▸ Data excerpt:
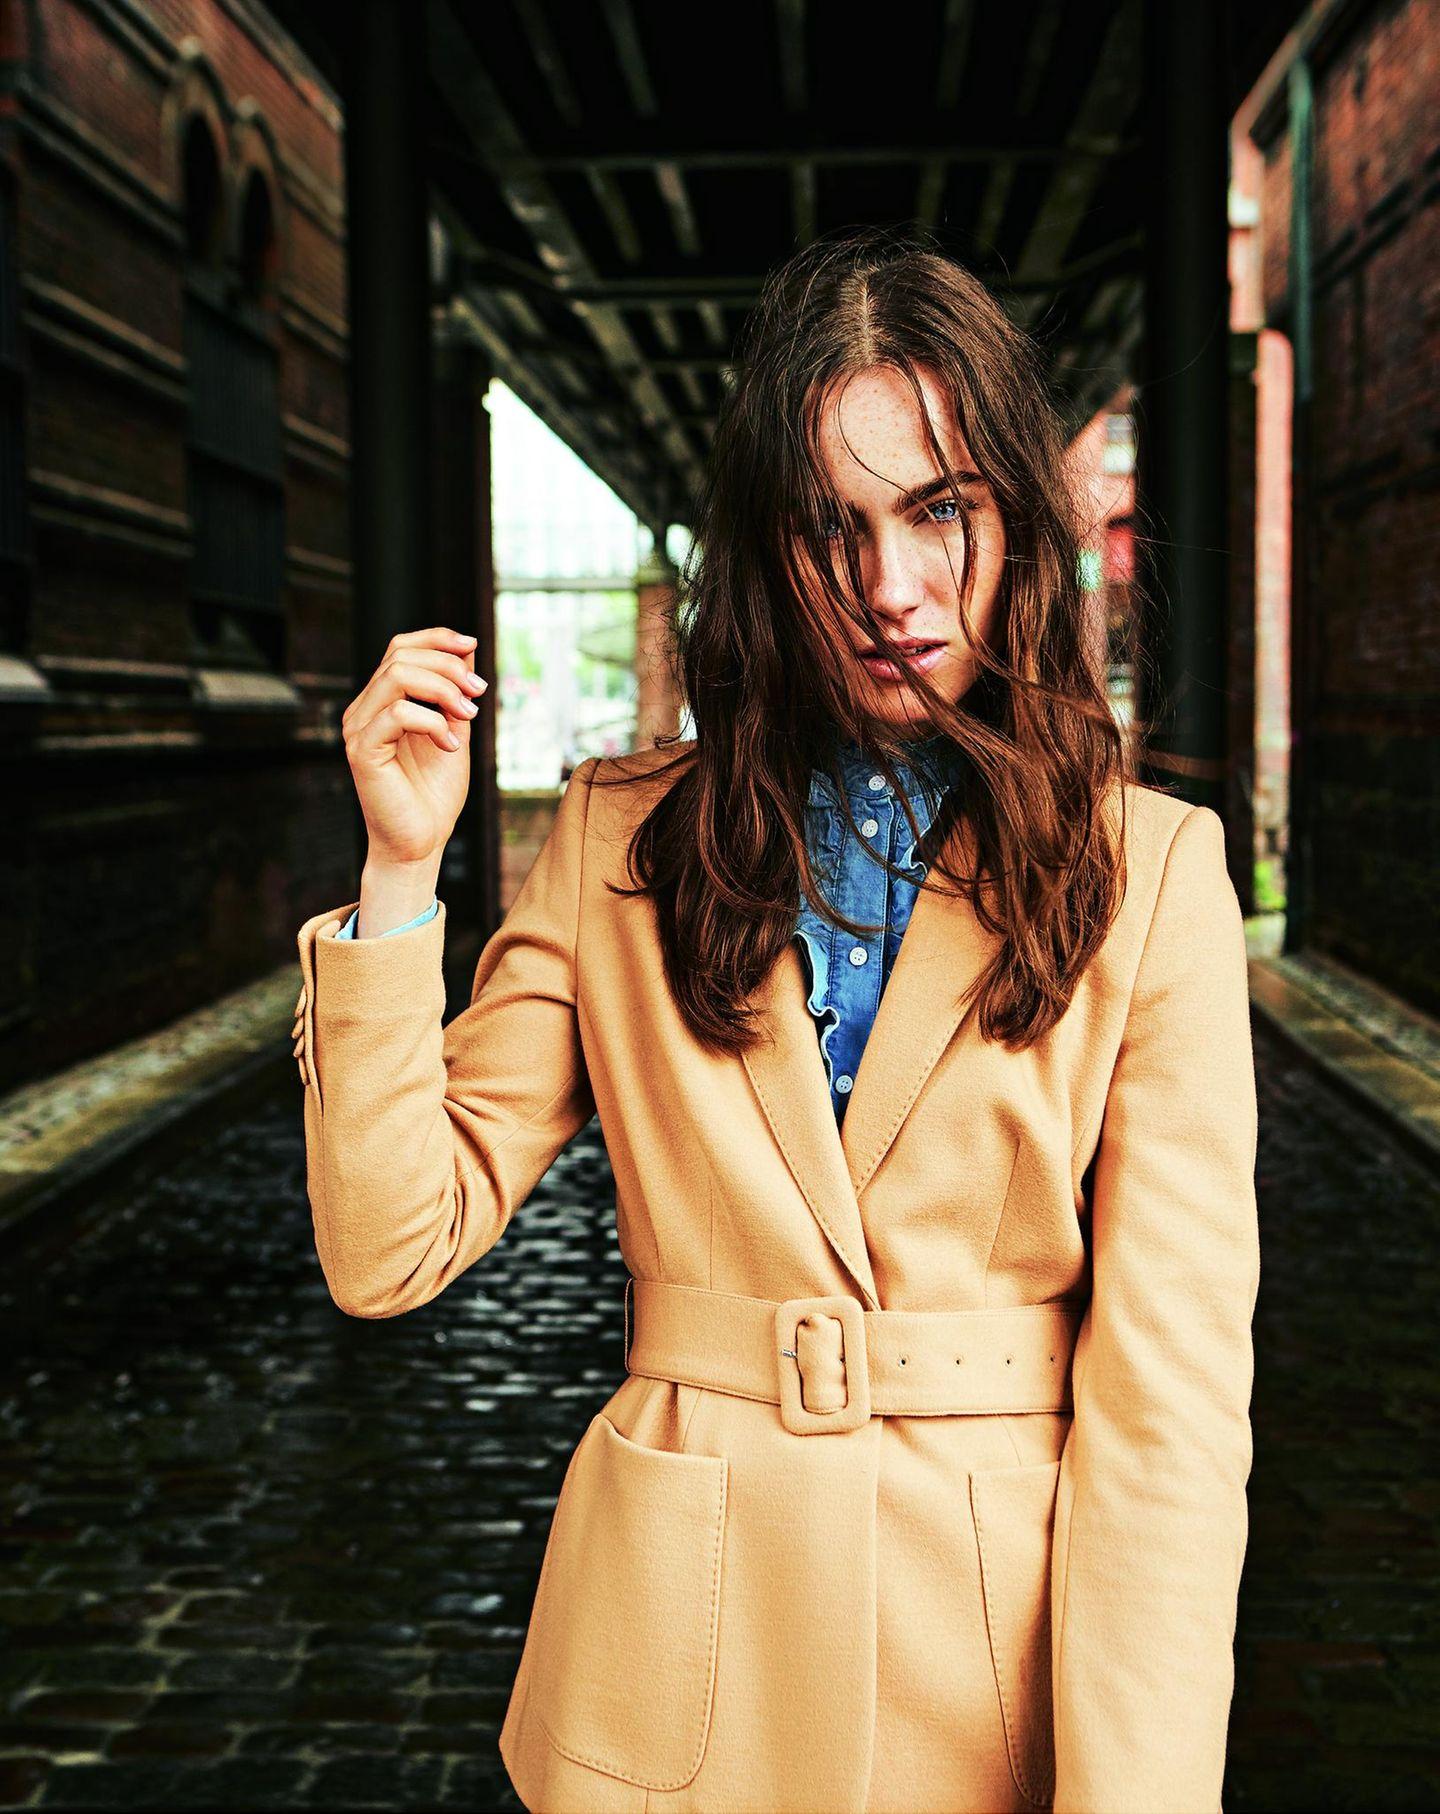 Pariser Chic - zurück zur Eleganz!: gebundener Blazer mit aufgesetzten Taschen über blauer Bluse
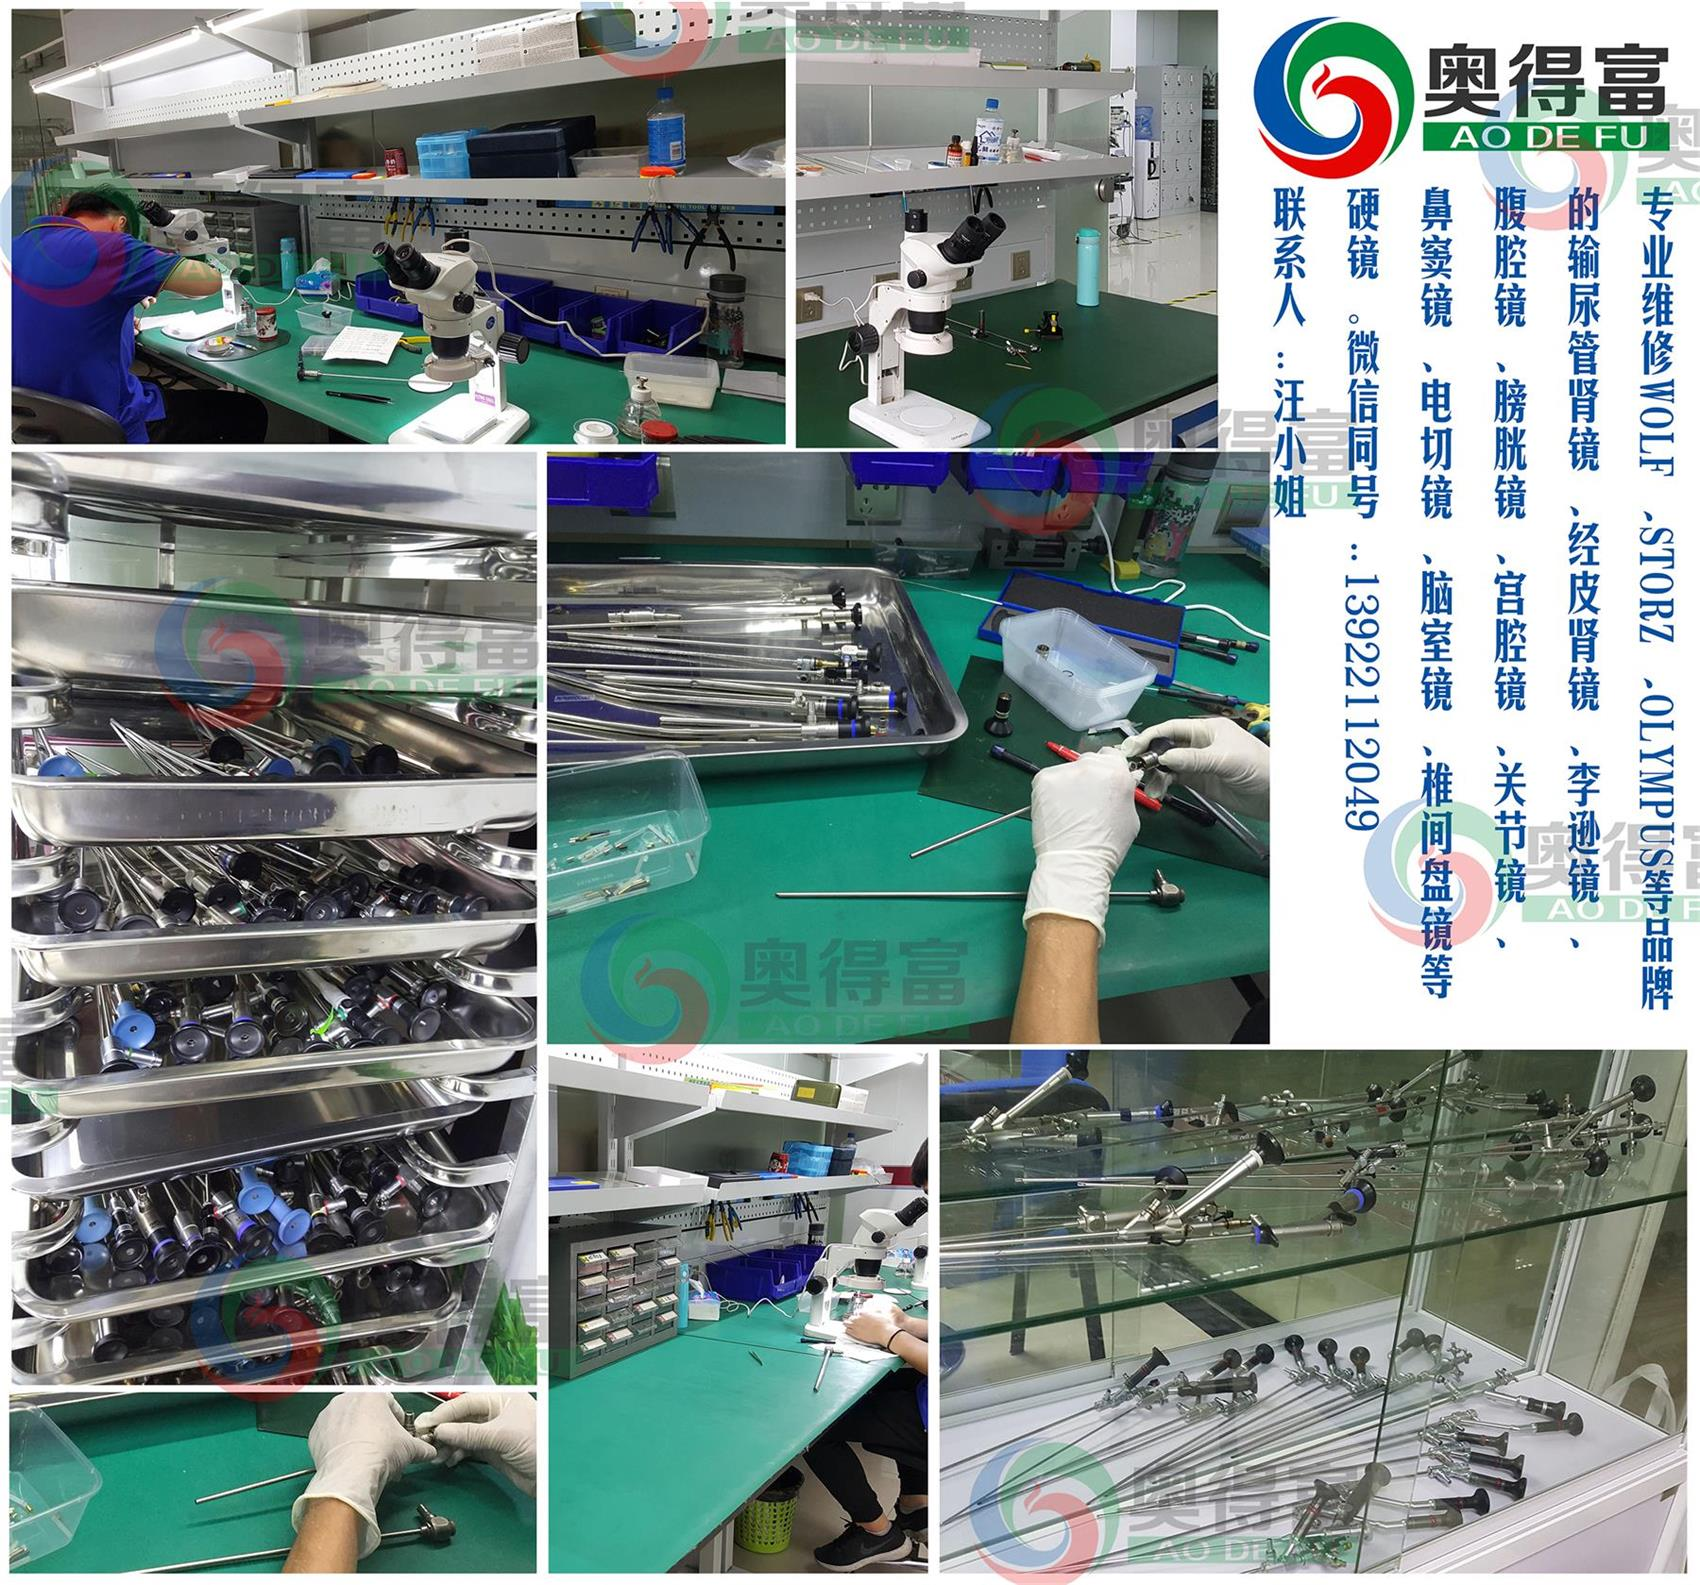 广州奥得富提供鼻窦镜维修/喉镜维修/脑室镜维修/硬镜维修
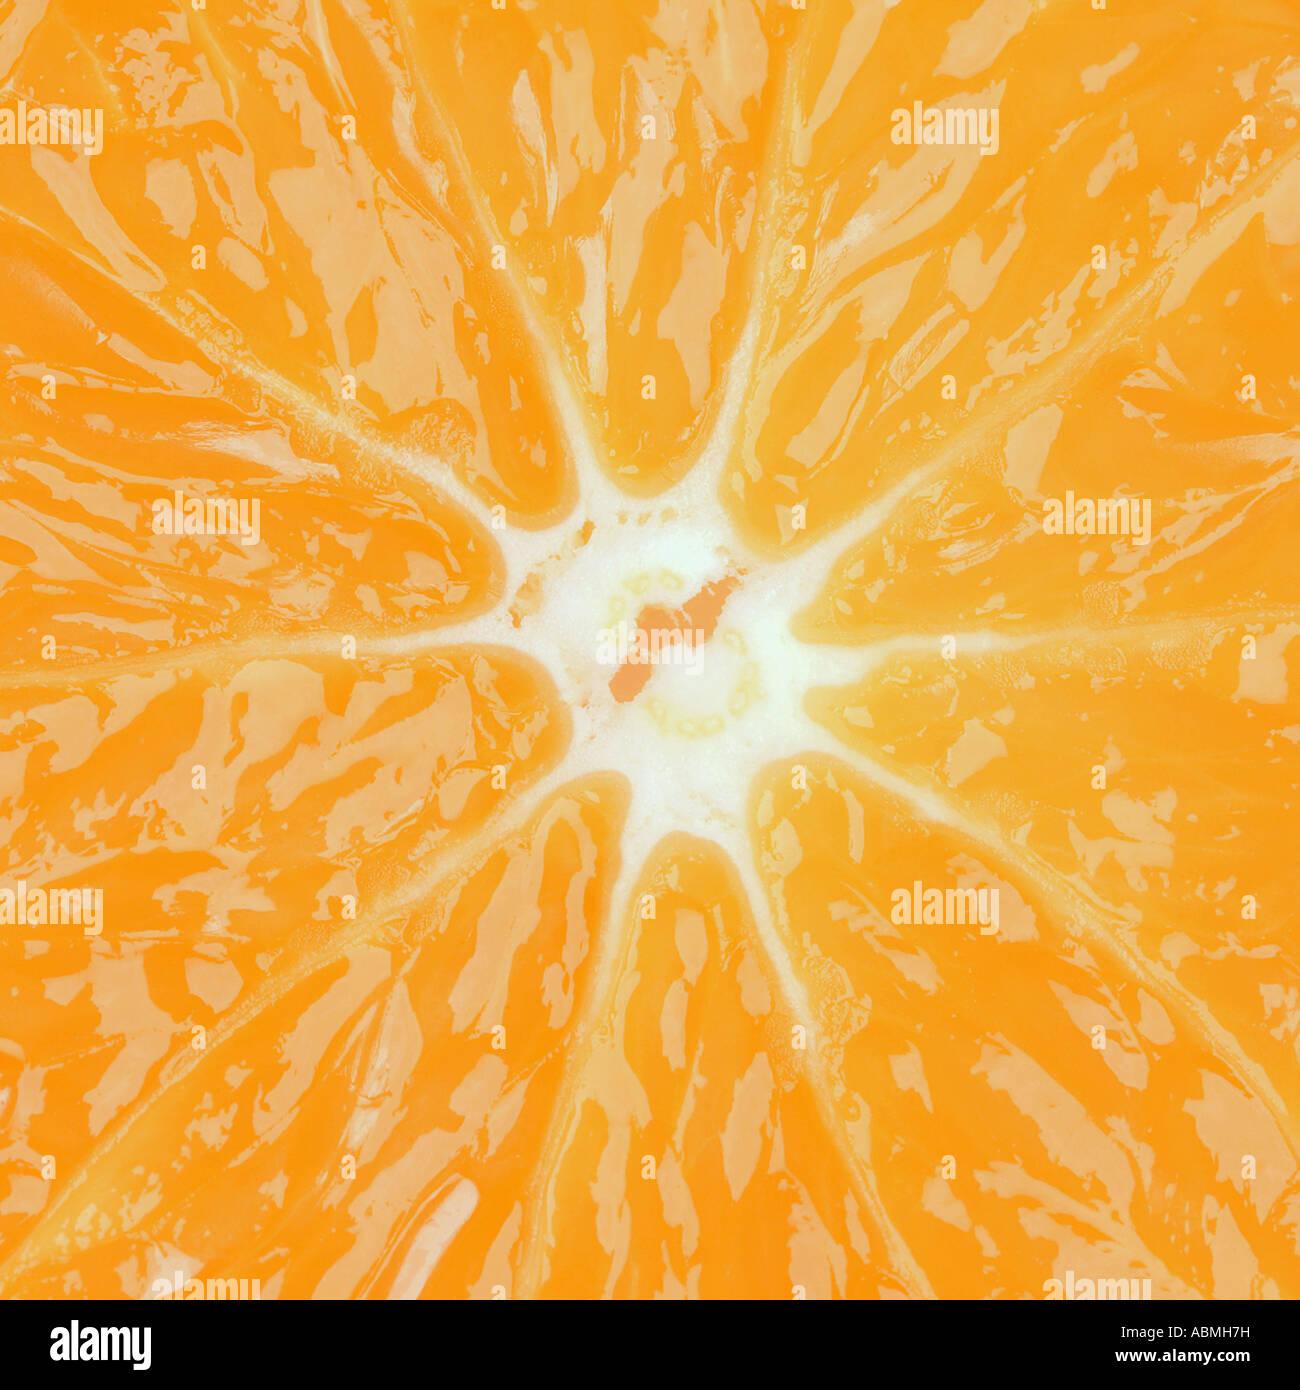 Ripresa macro di una fetta d'arancia formato quadrato Immagini Stock

▸ Activity:
Copy out the data above exactly, except the pictures.

▸ Answer space:
 Pariser Chic - zurück zur Eleganz!: gebundener Blazer mit aufgesetzten Taschen über blauer Bluse
 广州奥得富提供鼻窦镜维修/喉镜维修/脑室镜维修/硬镜维修
 Ripresa macro di una fetta d'arancia formato quadrato Immagini Stock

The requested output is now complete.